REQUIRED ACTION: Please repeat the data exactly. Any picture in it stays out.

(SOURCE DATA begins)

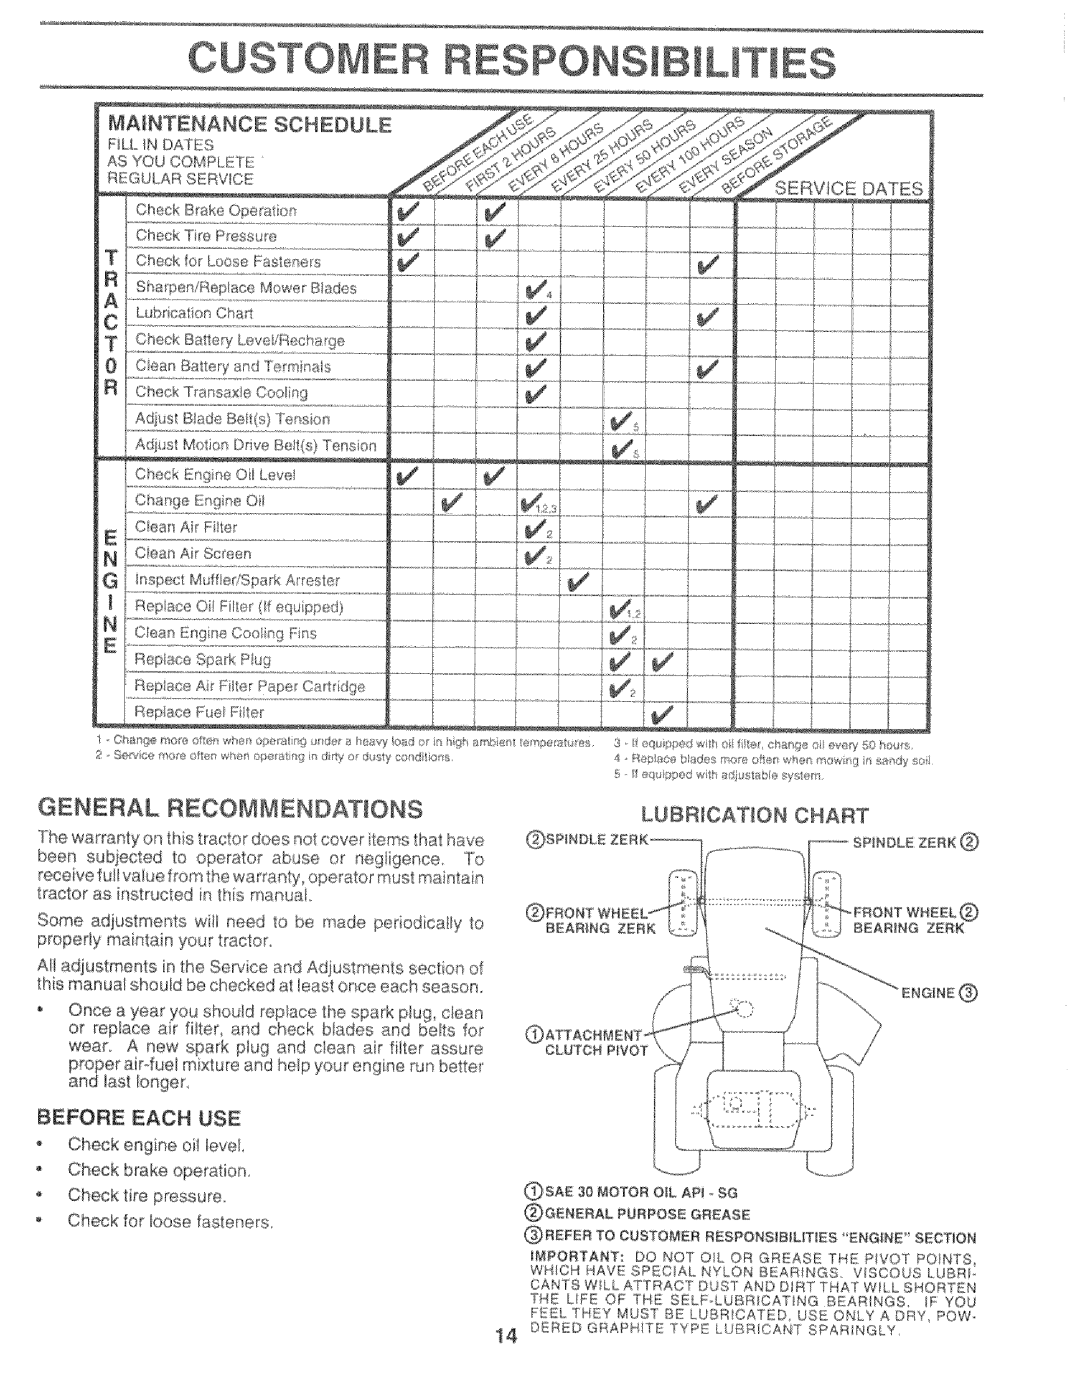 Sears 917.25759 manual General Recommendations, Lubricat On Chart, Before Each Use 
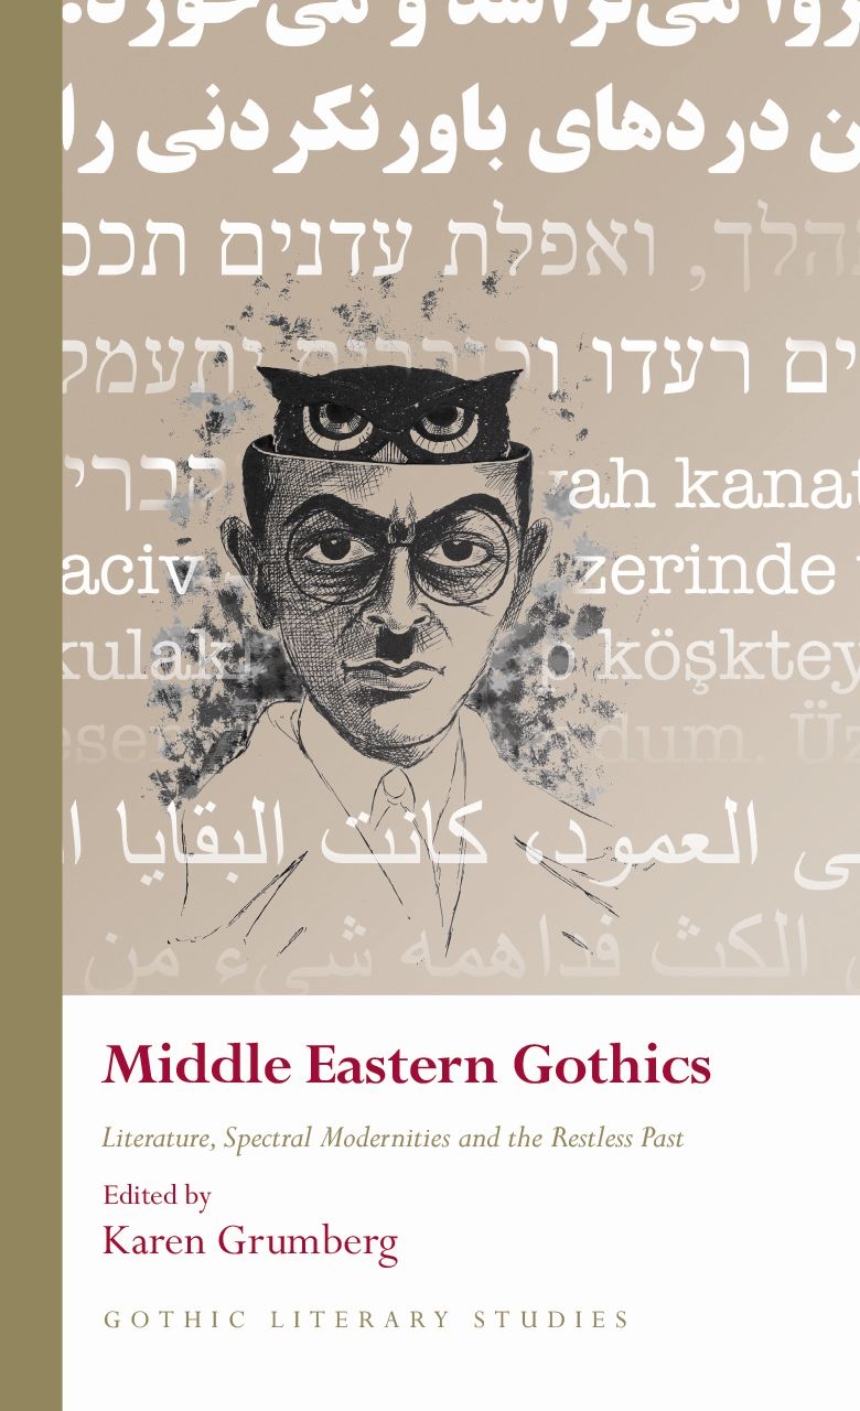 Middle Eastern Gothics
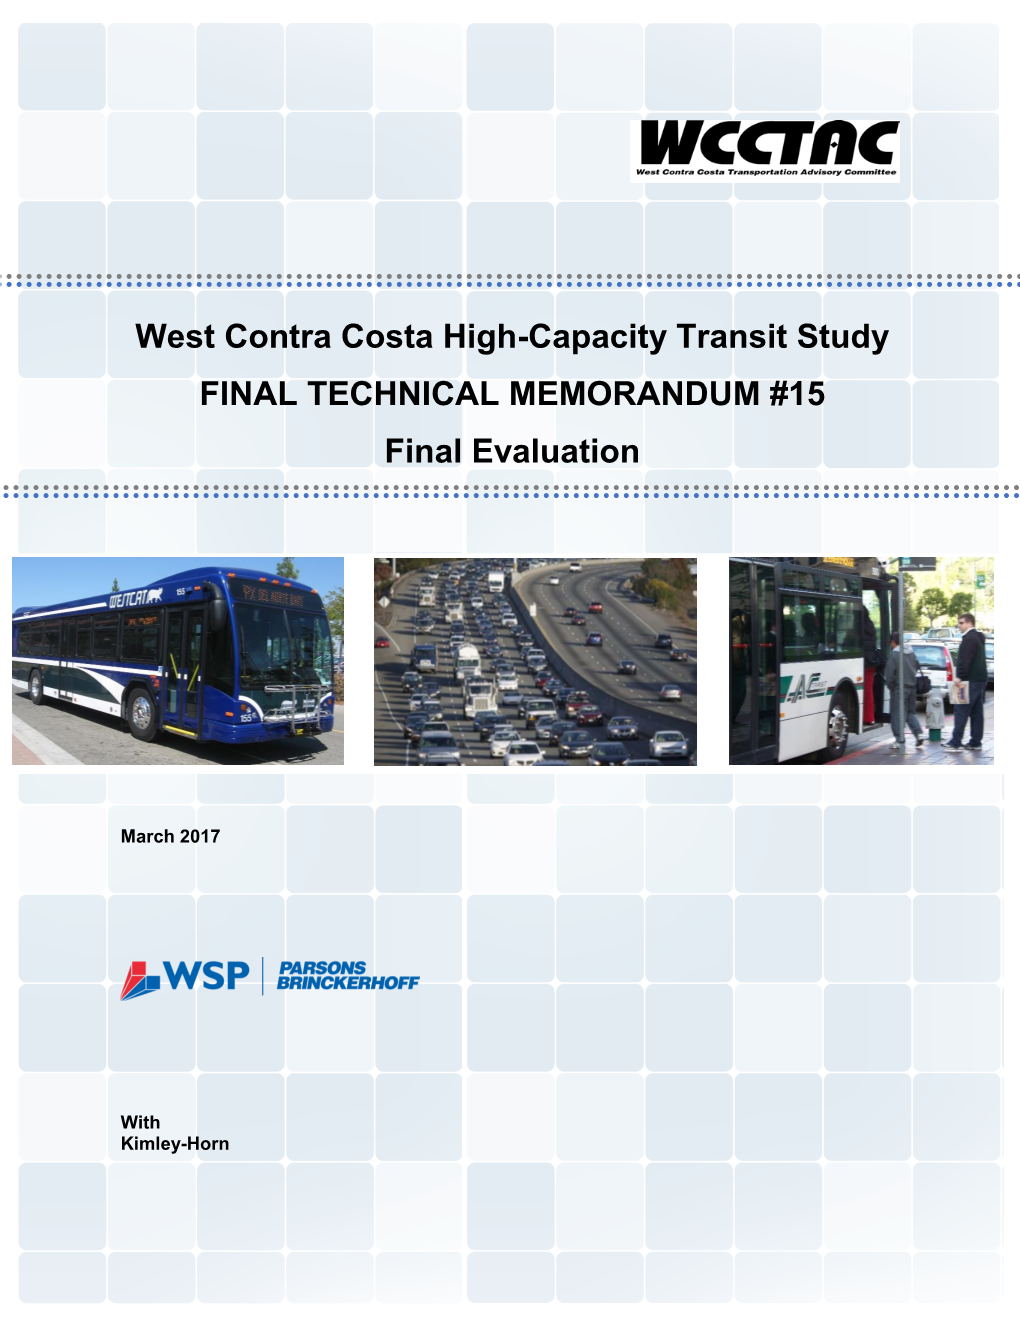 West Contra Costa High-Capacity Transit Study FINAL TECHNICAL

(SOURCE DATA ends)

EXERCISE OUTPUT:
 Sears 917.25759 manual General Recommendations, Lubricat On Chart, Before Each Use 
 Middle Eastern Gothics
 West Contra Costa High-Capacity Transit Study FINAL TECHNICAL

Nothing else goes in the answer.